My older sister raised two strong, smart children, worked with autistic kids for over 20 years, sheltered my mother and father in their old age and has met something as dead as a post in her home, and as physically near to her as if he were a person standing in a check-out line at the supermarket. She is funny and sober, a hard-working grandmother with reams of common sense, but for years as a young woman she could not attend viewings where the dead were shown to mourners. She has seen them standing at the top of her stairs, looking down at her. One time she opened a closet door at home and faced a man who she had just seen fixed within a coffin at a funeral home. She knew he was dead. She closed the closet door and sat down for a while. She could not attend the funeral of our maternal grandmother who was to be shown in an open casket beforehand. In a nightmare she had seen ‘Nanny’ turning and twisting inside a glass box. She did not want her appearing again in her kitchen or basement. She stayed home.
We all have our fearful landscapes. Mine has never been the closed-in room in the lonely house or the mournful cemetery. I imagined a long street, barely lit. All the houses are dark, the streetlamps black or flickering. Nothing moves. I am alone and standing in the middle of that street, listening intently and shading my eyes so I can see more precisely. Then something upright and big appears at the limits of my vision; its head is all wrong. I think it is looking my way. Then it begins to run towards me. It is not human.
I do not know what to make of my sister’s visions. I do not doubt her, and yet I believe in science. I have never seen the dead come back nor heard them nor felt any whisper of their presence, and yet I have a healthy respect for the rituals and rites governing their laying-in; let the beloved dead stay dead. Lord, keep me safe from waking-visions and from faces materializing in the darkness.

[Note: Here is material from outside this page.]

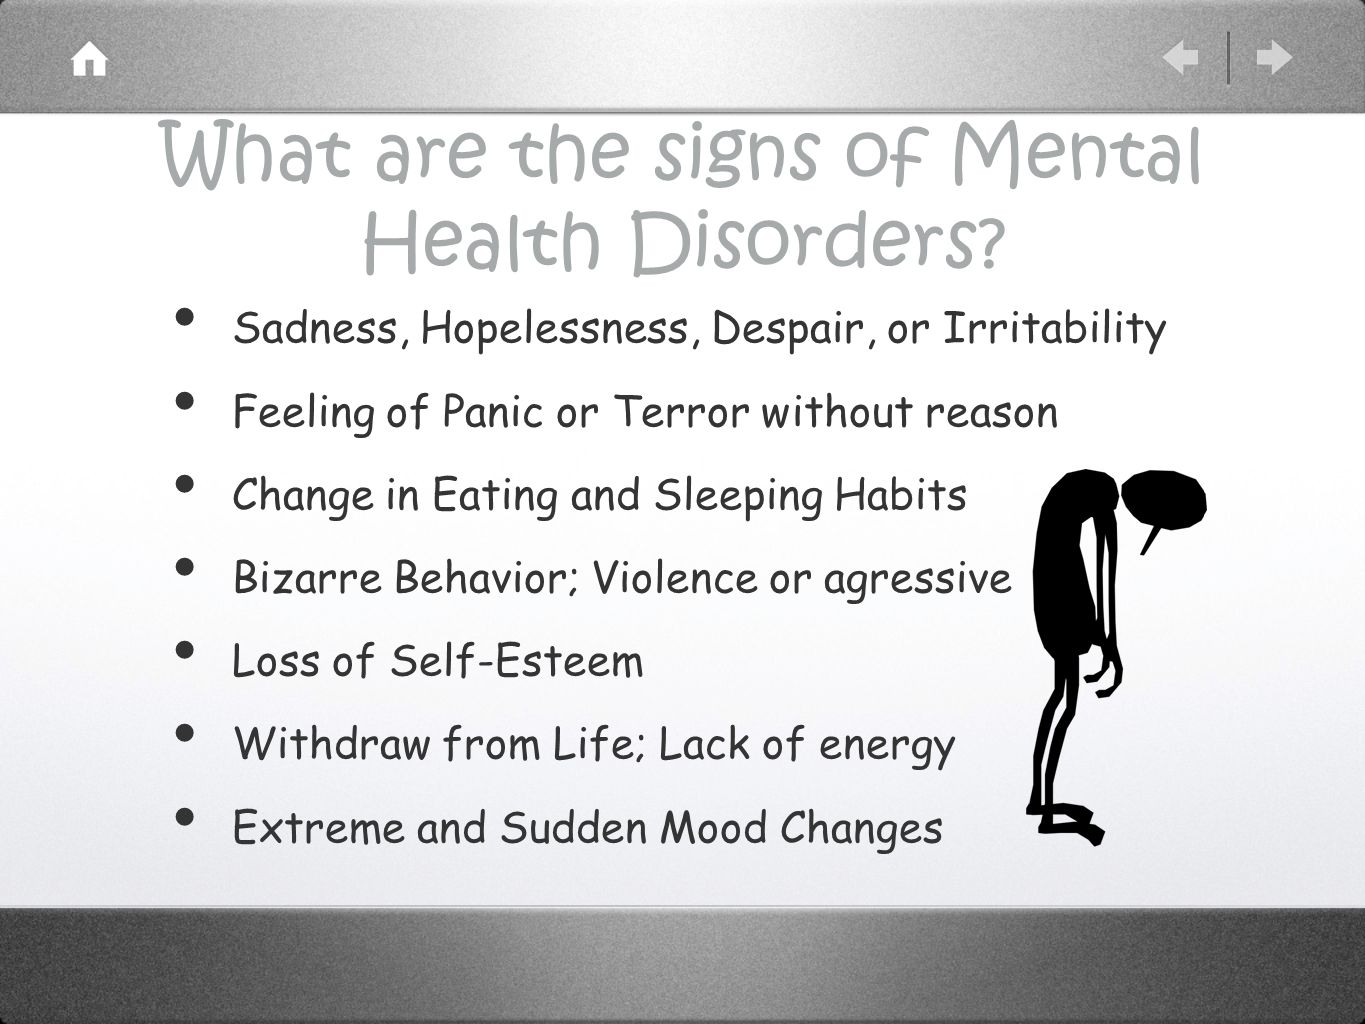 What are the signs of Mental Health Disorders.

Raised Catholic in the 50’s and 60’s, I was invested at a young age with teachings about guardian angels and the miraculous transformations of saints, and with lurid renderings of Purgatory and Hell and the Devil. I was purposely named after St. Michael, the arch-enemy of Lucifer.
In ninth grade a certain priest was assigned to teach religion by a foolish Bishop – he lasted about two weeks. He stood in front of his classes, virtually speechless, stunned, but no one tormented him, not even the worst bully. He carried the strongest and strangest quality of spiritual power I have ever felt in another person. One day he was gone. Later we heard that he was living at a nearby Jesuit Novitiate, in separate quarters so that he could be undisturbed in his prayer. We heard that he was the exorcist for vast regions of Church territory.
The after-life was always close by, the dead a breath away.
Frankly, I cannot imagine the madness a ghost would have to endure. All the stories have them trapped within a place – a graveyard, a house, a path, a specific wood, a battlefield, a hill, a barn. They stay there, only there, roaming back and forth, shutting doors, moving papers off desks, causing cold to descend upon the living in a spot in the hallway or bedroom, waiting, waiting … waiting.
They remind me of some collared dogs trapped within electric pet fences; their lazy owners never take them for walks and rarely play with them. They shuttle from point to point, mindlessly barking, seeming to eternally wait for someone to appear to remind them that they can respond to a kind, sympathetic presence.
If it happened to me, if I awakened from death to find myself so confined, I too would go mad. I think I would shave the middle of my head, paint my fingers red, ricochet off solid objects like a stream of mercury and howl until I could be released.
When I was training to be a high school teacher, no one ever told me that I would be attending funerals by the score; that a part of my responsibility would be to try and comfort the living for the unimaginable loss of vigorous and ardent young men and women. Suddenly … suddenly, I find that ghost stories no longer amuse me. I know lots of such stories, but I think my days of telling them are over.
Now I understand that the good nuns of my youth had it right: when the dead leave this sometime “vale of tears”, we should wish them only God-speed and mercy and peace.